MOBILE COMMUNICATIONS
Just like with email,  you should protect your mobile communications,  especially since a phone is so easy to steal or intercept via your service provider.  You doubtless have heard about the recent Apple pushback on decrypting phones.  Iphones are by default encrypted if you use password protection, while android devices must be manually encrypted in their security settings.  I strongly recommend everyone do this,  as it costs you nothing but increases your personal security from people attempting to steal personal information from your phone’s hard drive, it’s even giving the federal government trouble.  Note that encryption only protects locally stored data,  anything backed up on the cloud or elsewhere can still be seized via a warrant from Apple (Google, Dropbox, Verizon, etc.)
Just like with email,  you should consider an encrypted messaging service for your phone,  otherwise your service provider will still have a record of all your messages, and be prone to a malicious hacker.  As always, be wary of specific applications and do your research. For instance, the secure messaging service “WhatsApp” was purchased by Facebook about two years ago. Considering Facebook’s revenue model, which includes intensive data mining and advertising, it’s unlikely that “WhatsApp” is a very reliable encrypted messaging service.  Signal is a pretty good resource, however it is only secure through the data plan on Iphones.

That’s a basic rundown of digital security.  It’s enough to get you started if you decide protecting your identity is something worth pursuing, and should get you on your way towards a more secure, private lifestyle.

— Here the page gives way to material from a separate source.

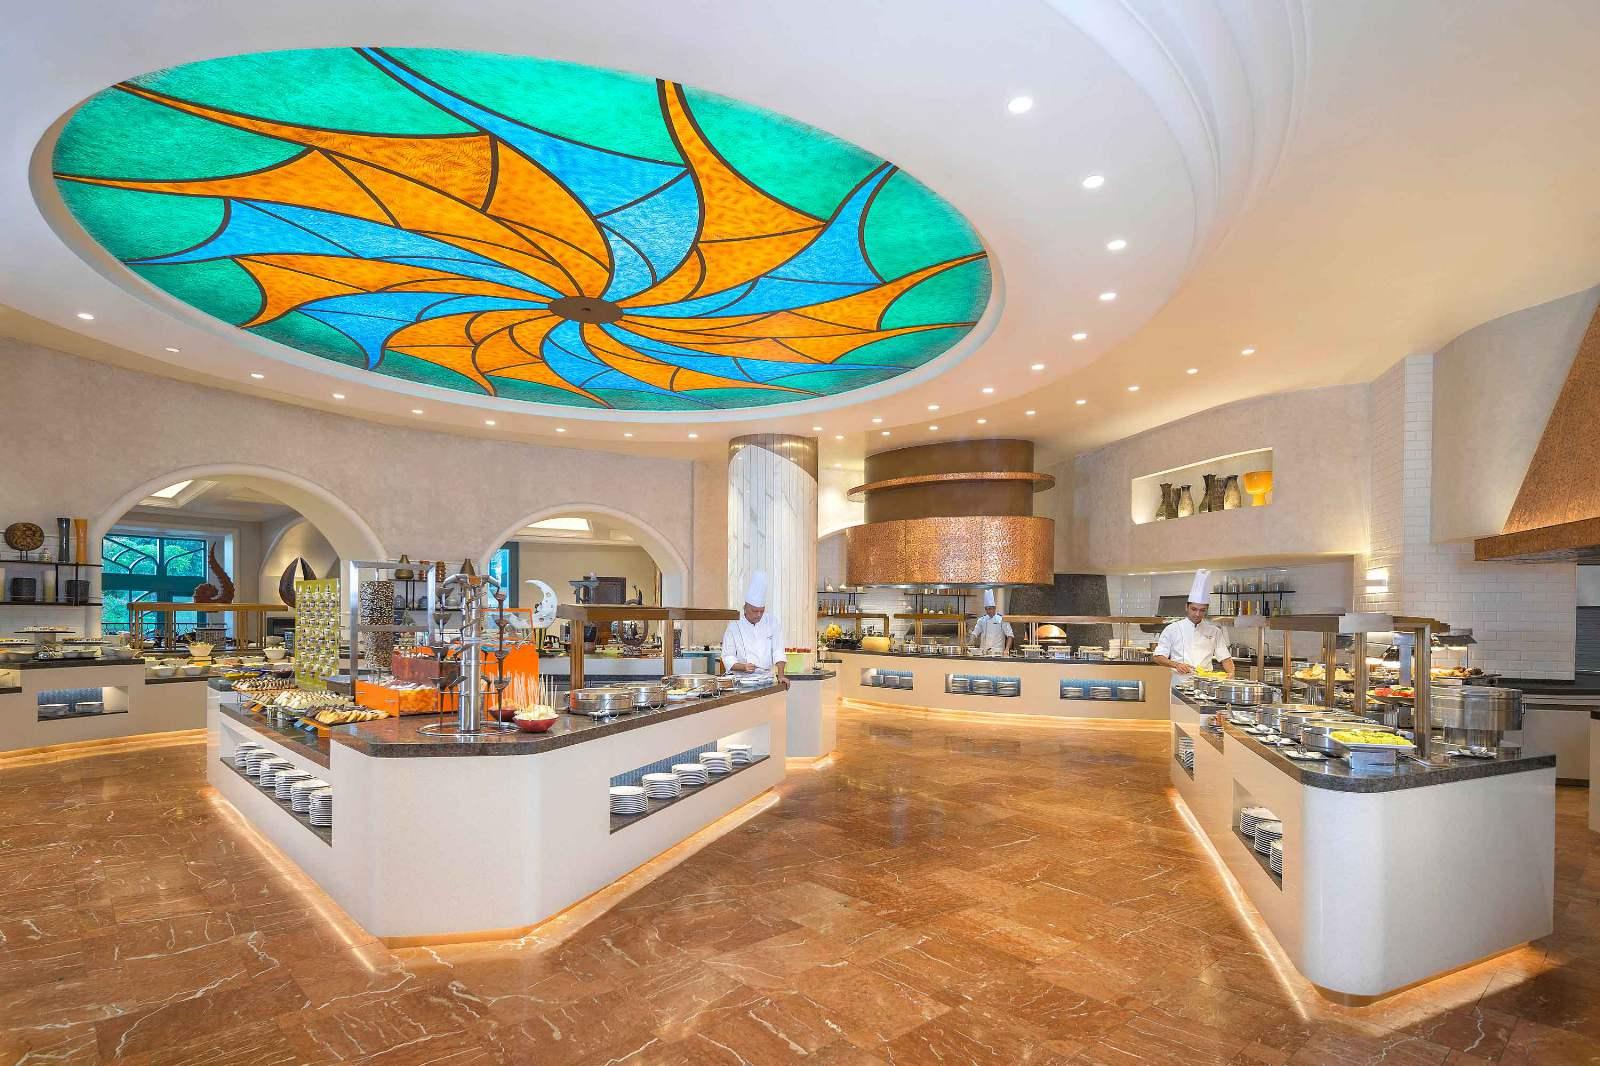 Atlantis, The Palm - Kaleidoscope Restaurant

So last week I talked about why you should consider taking steps to protect yourself online,  and now I’ll discuss options on HOW to protect yourself online.   Basic practices,  like discussed earlier,  include being careful of what you share online like pictures and stories on social media.  Be aware of any information you might be accidentally giving away.

PSEUDONYMS
Some of the easiest practices are to use (partially) fake names or email addresses for services that require information for marketing purposes,  or “verifying your age”. Free services often sell this information to others for advertising to pay their bills.  You can use your middle name or nickname,  and anyone looking specifically for you will skip right by your info,  and anyone trying to steal your identity will have mis-matching information.  Having and using fake email accounts that auto-forward to your real email allow you to kill the spam flood once you realize someone has been sharing your info without having to lose your real email address. This can be done manually by creating alternate emails that auto-forward, or with services like junkmail.com or premium services like Blur.

BLUR
Blur is a service that is dedicated to its customers’ privacy and anonymity.  They pay their bills with subscriptions so you can trust they don’t sell or share your info. Free memberships allow you to automatically generate and keep track of multiple emails for privacy and spam filtering purposes in addition to generate and keep track of randomized strong passwords,  which can be created for individual websites.  It also blocks Web tracking (data collection) and allows auto-fill of their randomized information to make it easier for you to use.
Paid memberships give you the added benefit of “fake” credit cards to keep your purchases anonymous online. The service essentially allows you to instantly generate a digital prepaid (single or multi use) gift card that protects your account information and identity. You can also generate fake phone numbers similar to Google voice and have the option to perform data backups.   With all of Blur’s services,  you have the option to instantly delete any email,  credit card,  or number that you think is being abused and create a new one.

SEARCH ENGINES
Part of the reason Google is such a popular and efficient search engine is because it tracks everything anyone does on any of their many platforms.  They are able to sell advertisements at a frighteningly accurate rate.  This is why you frequently see ads online for something you looked at the week before.  Instead consider search engines that don’t track your search history like start page or duck duck go. Start page actually utilizes google to do all of its searches, so you still get great results, but it acts as a screen to prevent data collection.  Start page will even act as an intermediary for many websites,  protecting your IP address.

VPN
Virtual Private Networks (VPNs) are networks that hide your IP address (and therefore your address and identity) while surfing the Internet.  It allows you to access the web through servers across the world based on the VPN network you are using, so anyone tracking you online would think you were located in say Cambodia, Turkey, or Germany instead of on your couch in your hometown.  It is crucial when looking for a vpn service to understand how they fund their business,  there are certain “free” vpns that actually sell your information or your bandwidth. There are many options, but Private Internet Access seems to be the best one around at a decent rate, $3.33 per month for a year subscription on 5 devices, thats enough for a family. All you need to do is activate the vpn on your device, and you can go anywhere online anonymously (until you login to an account, like facebook or amazon, but then you should proceed as discussed earlier).  You can easily get around this by buying prepaid gift cards with cash in any store and checking out as a guest, or with the forwarding burner emails.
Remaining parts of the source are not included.